### Work required
Only the pictures are to be dropped; the rest of the data below is to be duplicated exactly.

### Supplied information

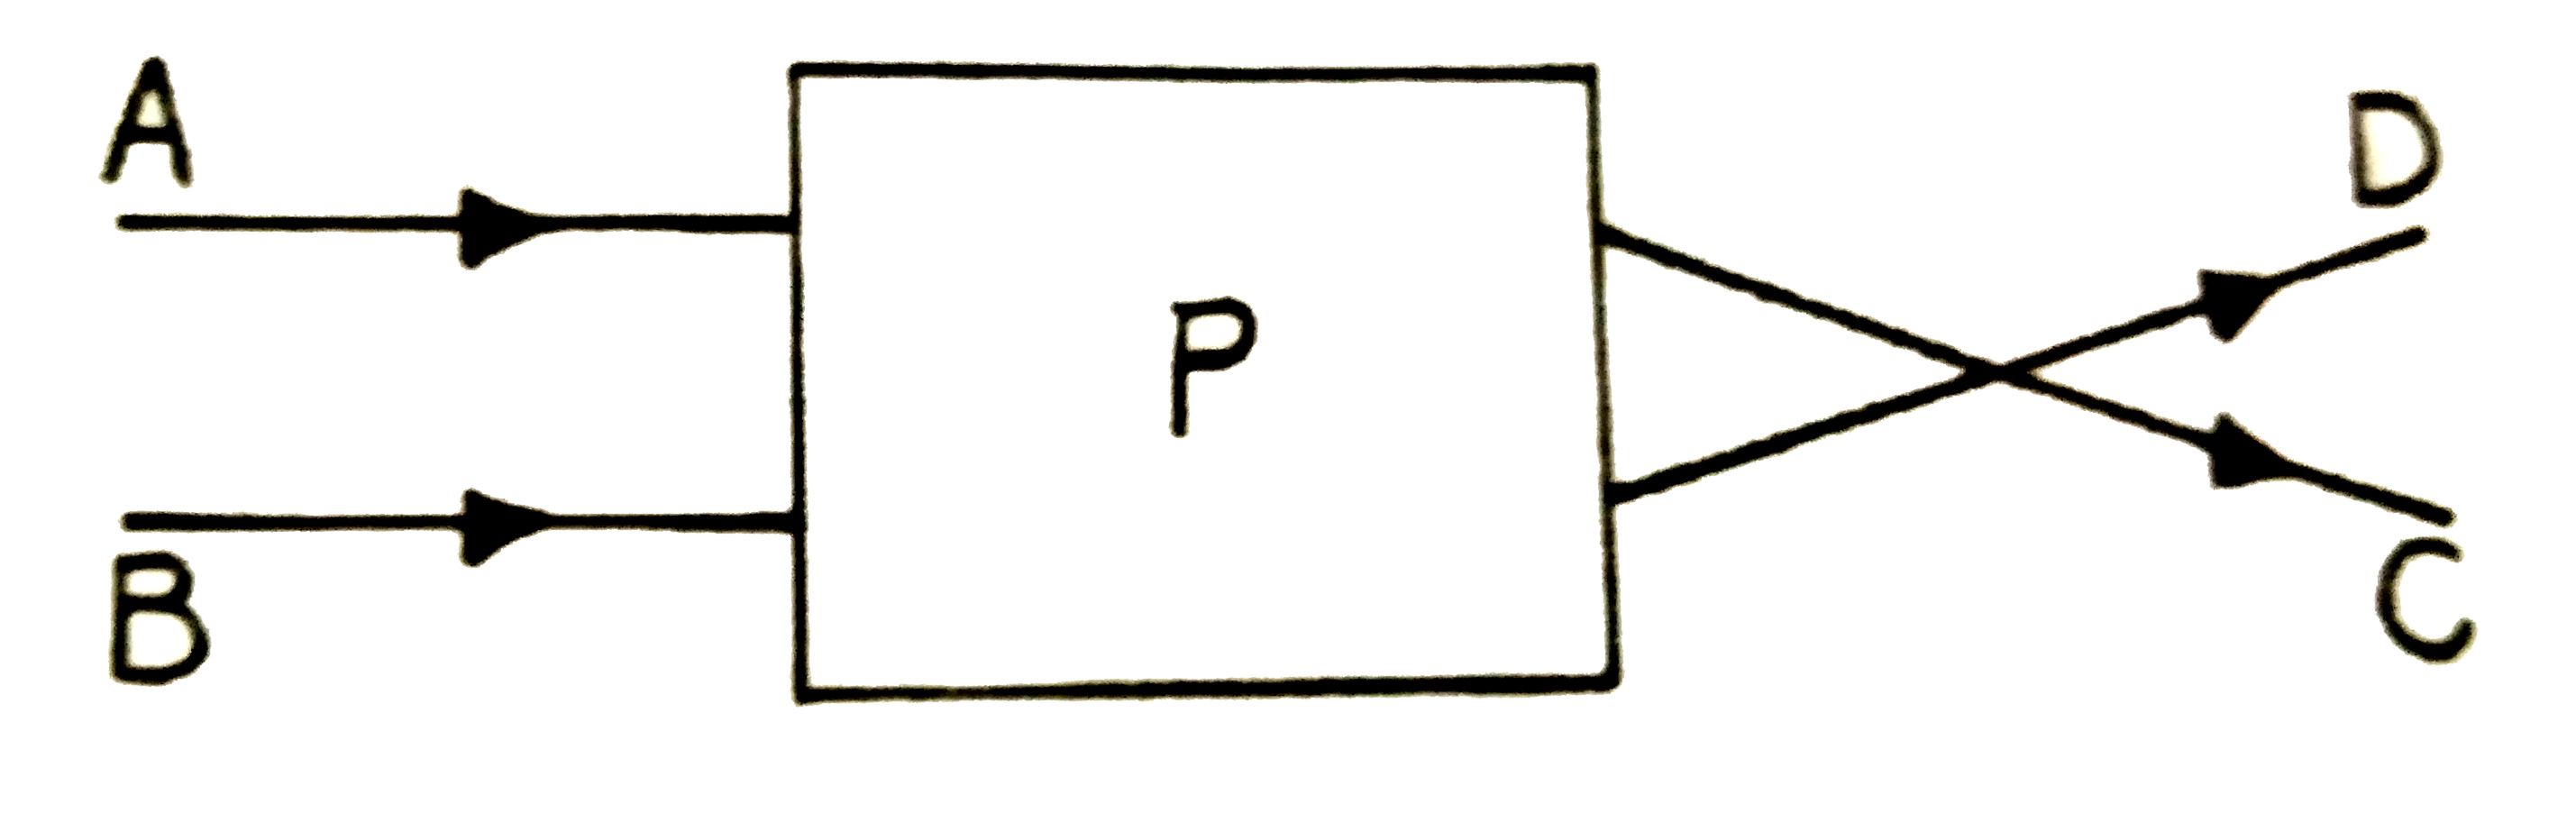 संलग्न चित्र में आयत P एक प्रकाशित-अवयव है। पर आपतित समान्तर किरणे A, B तथा निर्गत किरणे C, D है। प्रकाशित अवयव P है-
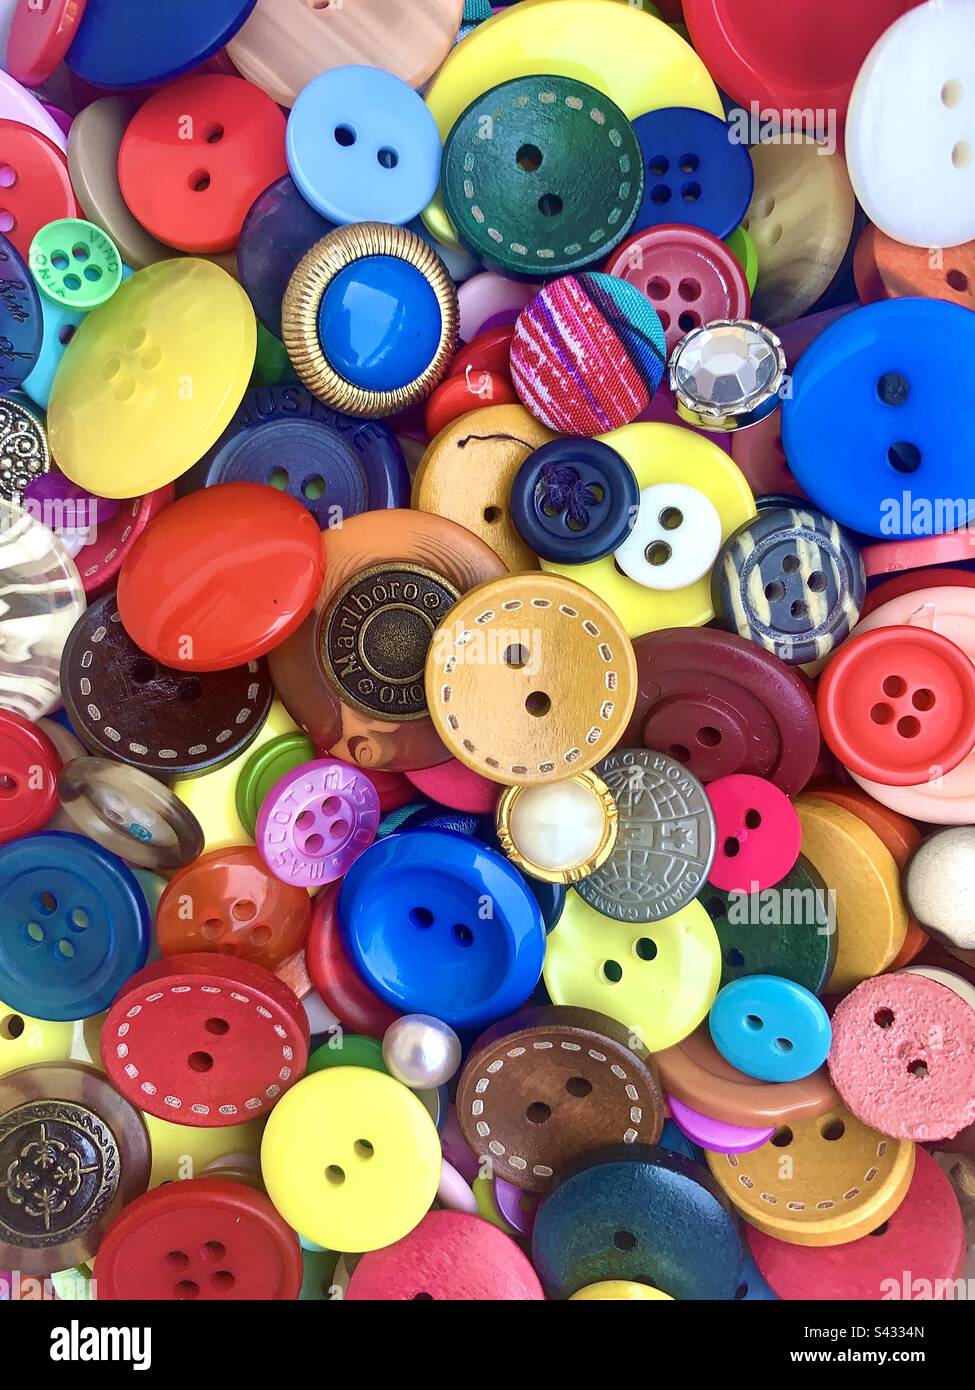 Superbe fond de bouton. Une sélection colorée et richement texturée de boutons multicolores remplit tout le cadre. Banque D'Images
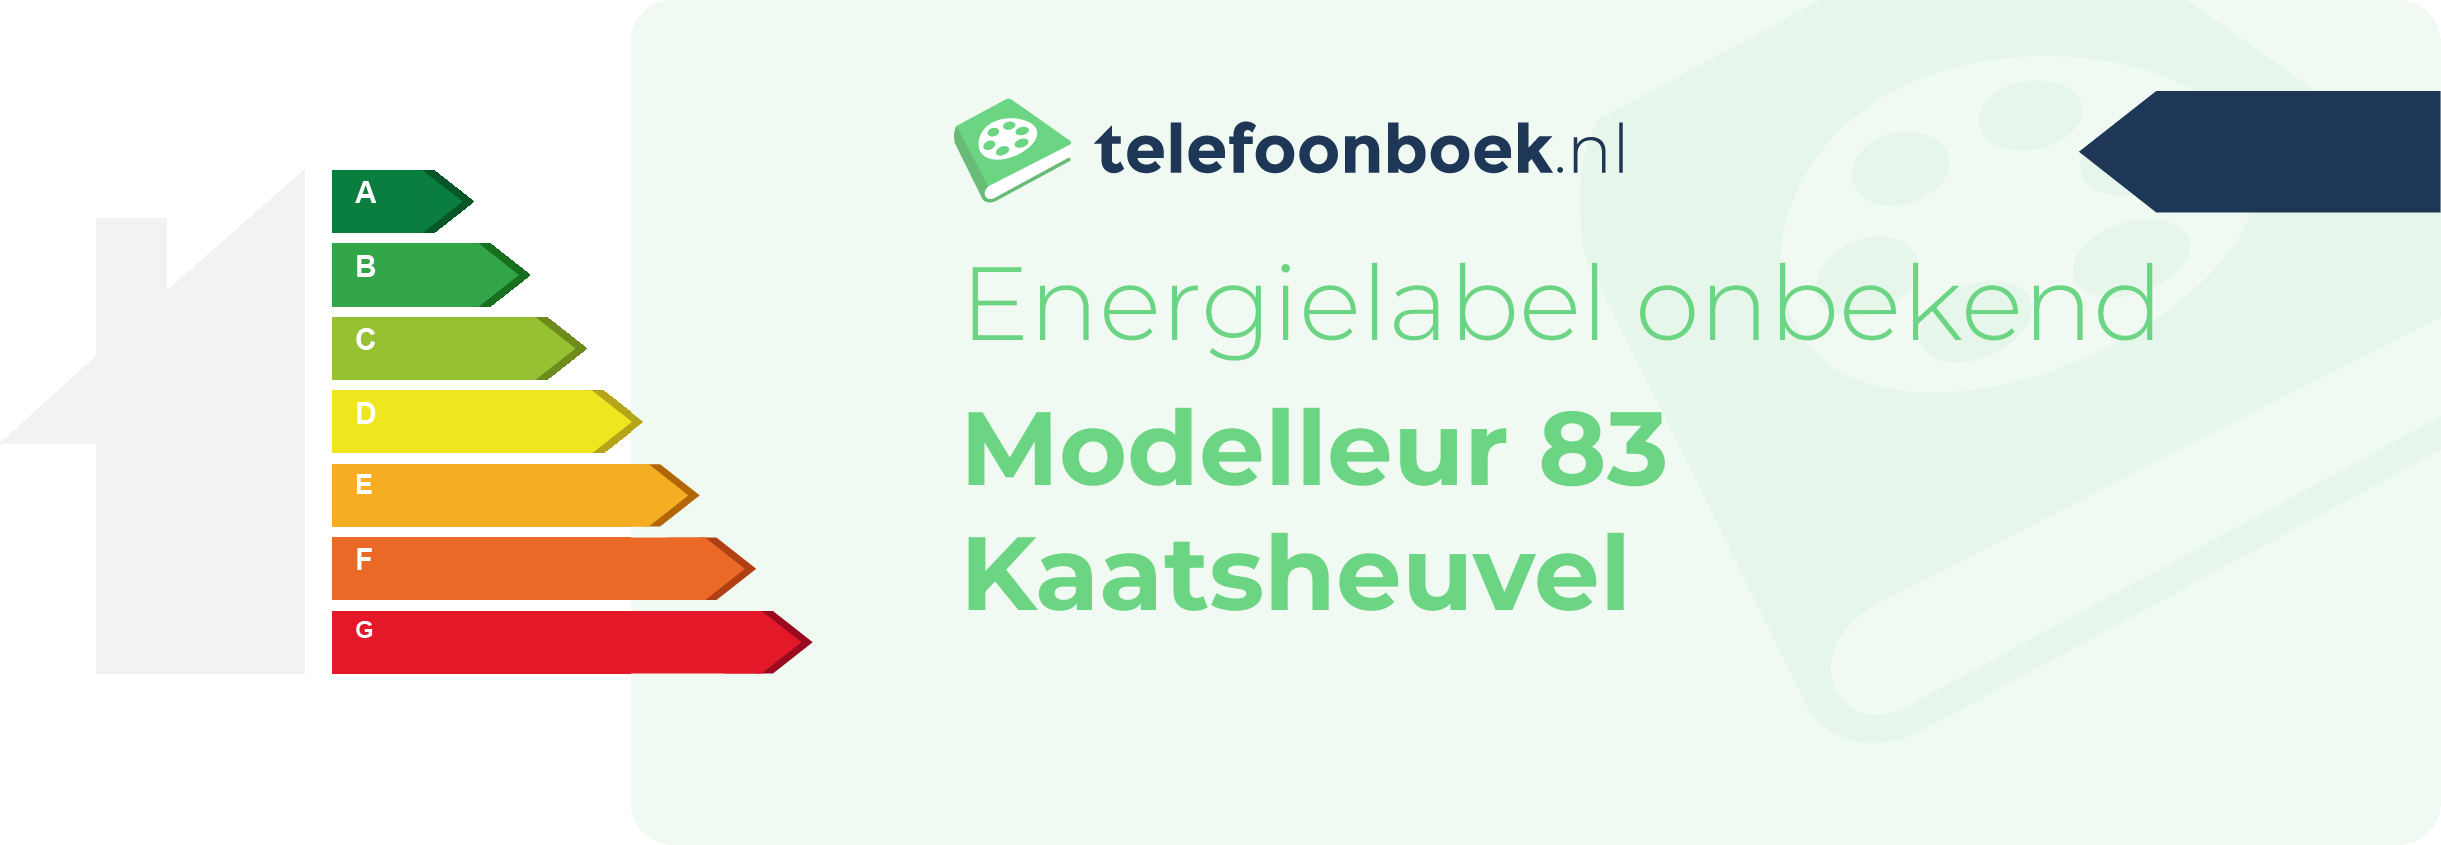 Energielabel Modelleur 83 Kaatsheuvel
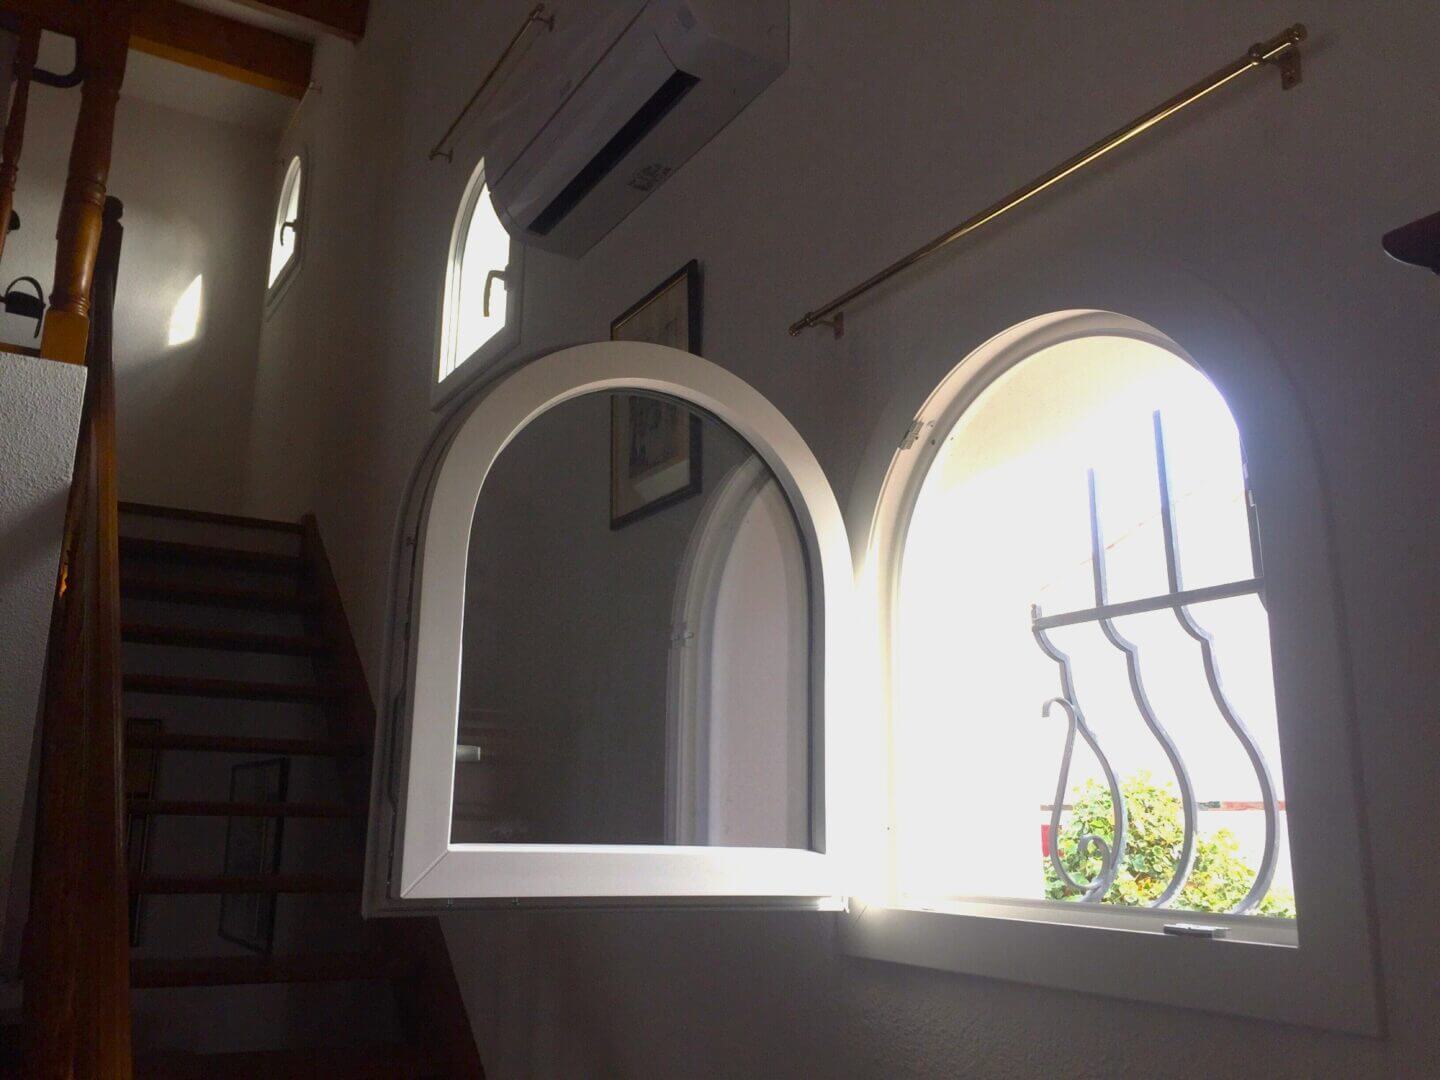 Fenêtres arrondies (cintrées) : anses de panier, plein cintre, arc

### Response area
 संलग्न चित्र में आयत P एक प्रकाशित-अवयव है। पर आपतित समान्तर किरणे A, B तथा निर्गत किरणे C, D है। प्रकाशित अवयव P है-
 Superbe fond de bouton. Une sélection colorée et richement texturée de boutons multicolores remplit tout le cadre. Banque D'Images
 Energielabel Modelleur 83 Kaatsheuvel
 Fenêtres arrondies (cintrées) : anses de panier, plein cintre, arc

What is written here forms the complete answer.